Dengan demikian pendekatan Contextual Teaching Learning (CTL) berbantuan Media
Papa Bilang mengutamakan pada pengetahuan dan pengalam pada dunia nyata , berfikir tingkat
tinggi, berpusat pada siswa, siswa aktif, kritis, kreatif, memecahkan masalah, siswa belajar
menyenangkan, mengasyikkan, tidak membosankan, dan adanya bantuan media tersebut siswa
juga akan berminat untuk mengikuti pelajaran seta menggunkan berbagai sumber belajar.
Pendekatan CTL berbantuan Media Papan Bilangan pernah diteliti oleh Randy Sulistyo
(2016) dengan judul Pengembangan Papan Kartu Bilangan sebagai Media Permaian dalam
Pembelajaran Matematika untuk kelas IV SD. Dengan hasil yang menunjukkan minat
serta hasil belajar siswa yang meningkat dan keaktifan siswa yang antusias saat proses
pembelajaran berlangsung. Herwanto (2013) juga melakukan penelitian yang berjudul
Penggunaan Media Kotak Stick untuk meningkatkan hasil belajar Matematika tentang
menentukan nilai tempat siswa kelas II SDN Sekar 2 Dau Malang yang hasilnya juga ada
peningkatan dari sebelumnya hasil belajarnya menurun menjadi lebih baik lagi. Liza Maulida
(2014) juga melakukan penelitian yang berjudul Penerapan Pendekatan Contextual Teaching
and Learning untuk meningkatkan Aktivitas Belajar Matematika di Kelas IV MIN Parang yang
hasilnya observasi aktivitas belajar siswa meningat setelah diberikan penerapan tersebut.
Selain itu, penggunaan pendekatan CTL juga dapat membantu siswa lebih mudah memahami
dan mengerti pelajaran.
Berdasarkan uraian latar belakang tersebut maka dalam penelitian ini penulis mengambil
judul “Penerapan Pendekatan Contextual Teaching Learning (CTL) Berbantuan Media “Papa
Bilang” Untuk Meningkatkan Keaktifan Belajar Matematika Siswa Kelas III MI MAMBAUL
ULUM Tegalgondo”.
METODE
Metode PTK menerapkan pendekatan CTL berbantuan media “papa bilang” materi nilai
tempat datar adalah PTK dengan subyek 24 siswa kelas III MI MAMBAUL ULUM Tegalgondo
Kec. Karangploso Kab. Malang. Model PTK yang digunakan dalam penelitian ini adalah
model Kemmis dan Mc Taggert), alur penelitian itu terdiri dari empat kegiatan pokok, yaitu
perencanaan, pelaksanaan, pengamatan dan refleksi (Arikunto, 2006:97).

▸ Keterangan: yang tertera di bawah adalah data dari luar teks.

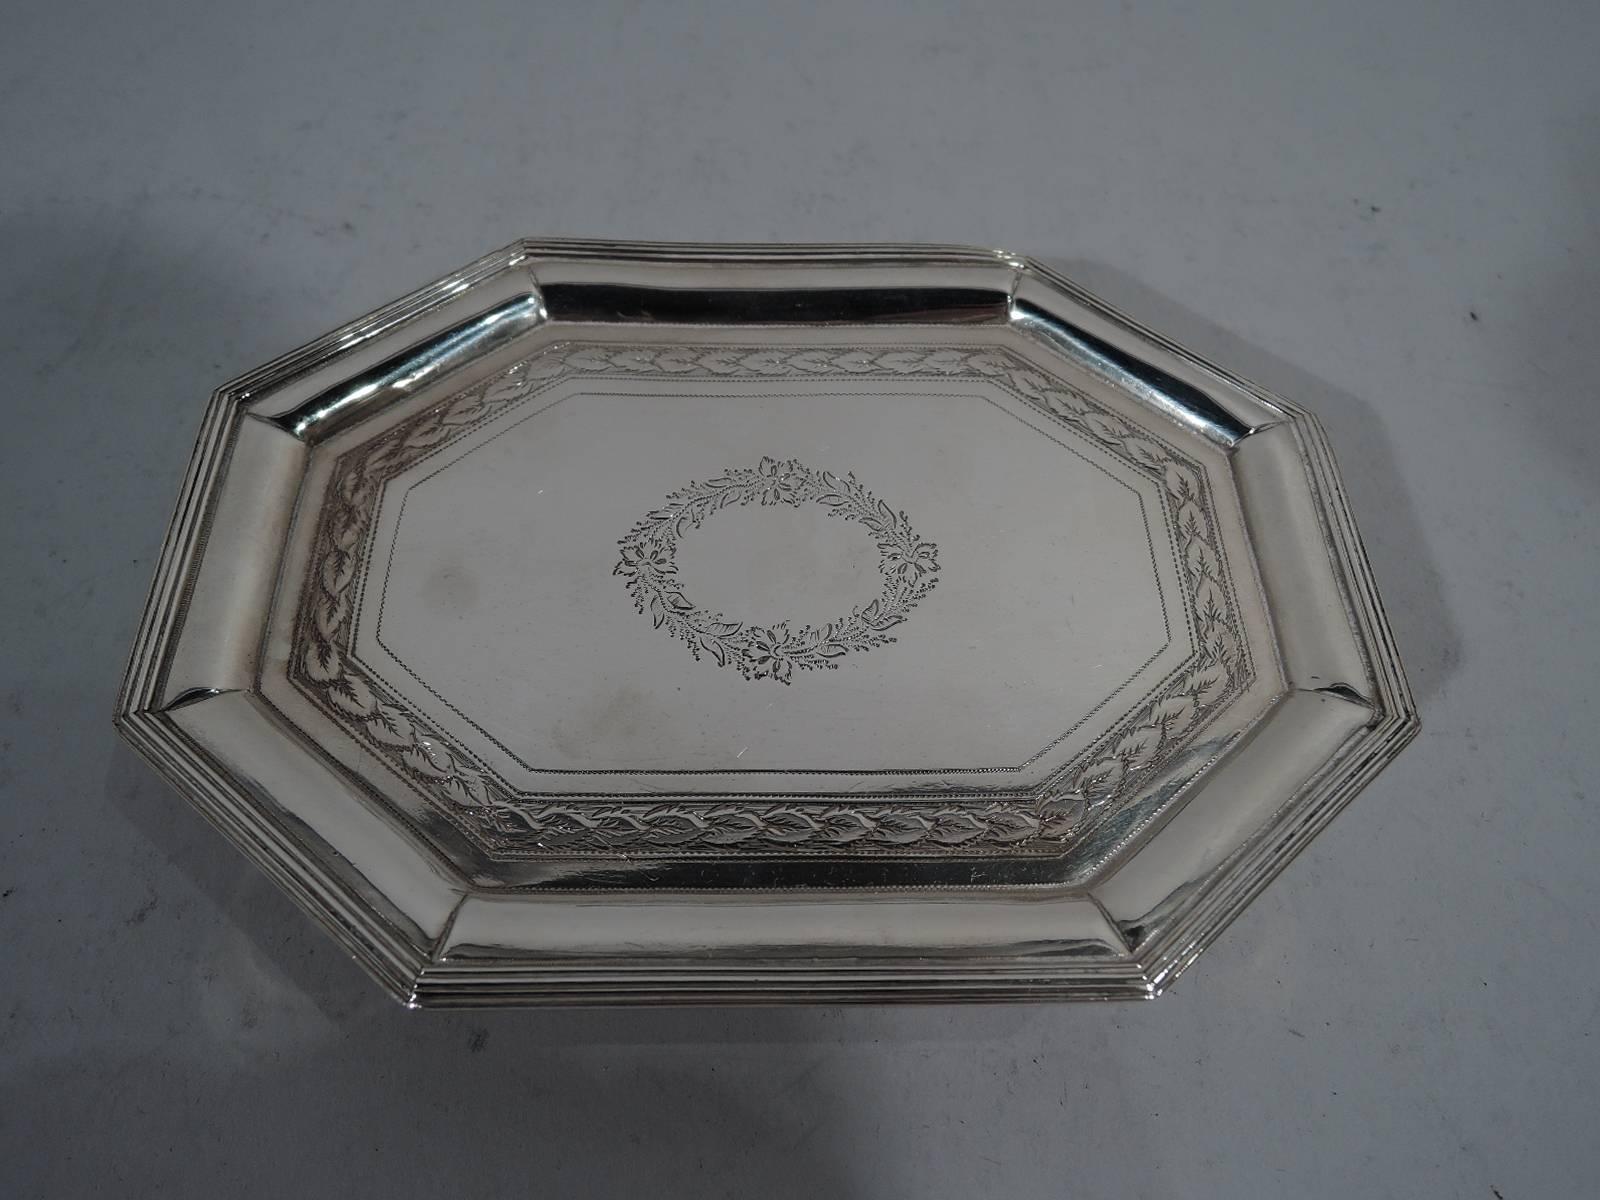 George III sterling silver salver. Made by Turner & Williams in London in 1802. Rectangular with chamfered corners and four tapering supports. Ornament engraved in well: central wreath (vacant) and imbricated leaf and pointille borders. Reeded rim.

Tahap tahapan penelitian ini terdiri atas (1) perencanaan, meliputi membuat perencanaan
pembelajaran, instrumen pembelajaran dan mempersiapkan media yang sesuai dengan
kebutuhan siswa kelas III MI MAMBAUL ULUM Tegalgondo. (2) pelaksanaan, yaitu
melakukan tindakan proses belajar mengajar sesuai dengan perencanaan yang telah dibuat. (3)

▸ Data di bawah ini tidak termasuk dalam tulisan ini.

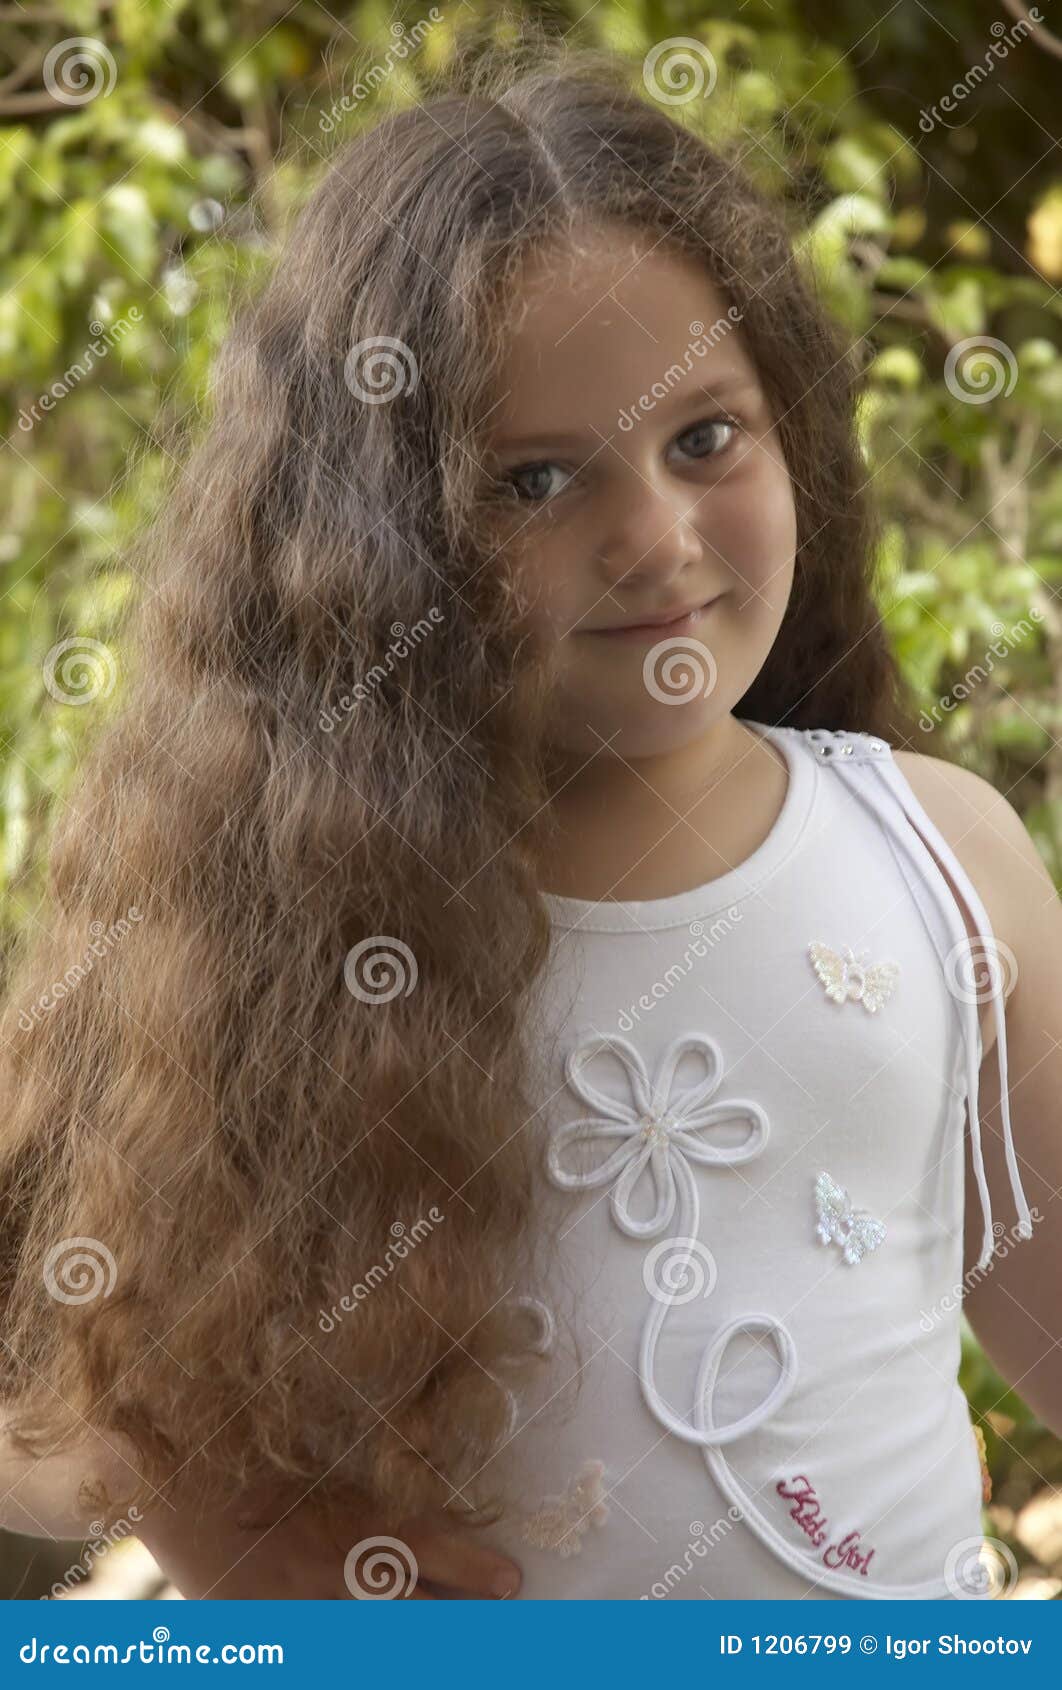 Young Girl With Long Hair Stock Image Image Of Face Hair

Pengamatan, yaitu melakukan observasi dengan mengamati keaktifan siswa maupun pemberian
angket kepada siswa. (4) Refleksi, yaitu mengolah dan menganalisis data yang diperoleh dari
kegiatan pengamatan dan menarik kesimpulan.
Jenis data yang digunakan dalam penelitian ini meliputi data kuantitatif dan data
kualitatif. Data kuantitatif diperoleh dari penilaian skor angket dan lembar observasi
sedangkan data kualitatif diperoleh dari wawancara dengan guru dan murid. Instrumen
pengumpulan data berupa angket, lembar observasi, wawancara dan dokumentasi. Sedangkan
teknik analisis data menggunakan model Miles dan Huberman dalam Sugiono (2009:246)..
HASIL DAN PEMBAHASAN
Hasil penelitian mengenai peningkatan hasil belajar siswa melalui penggunaan
pendekatan CTL
berbantuan media “papa bilang” pada siswa kelas III MI MAMBAUL ULUM Tegalgondo.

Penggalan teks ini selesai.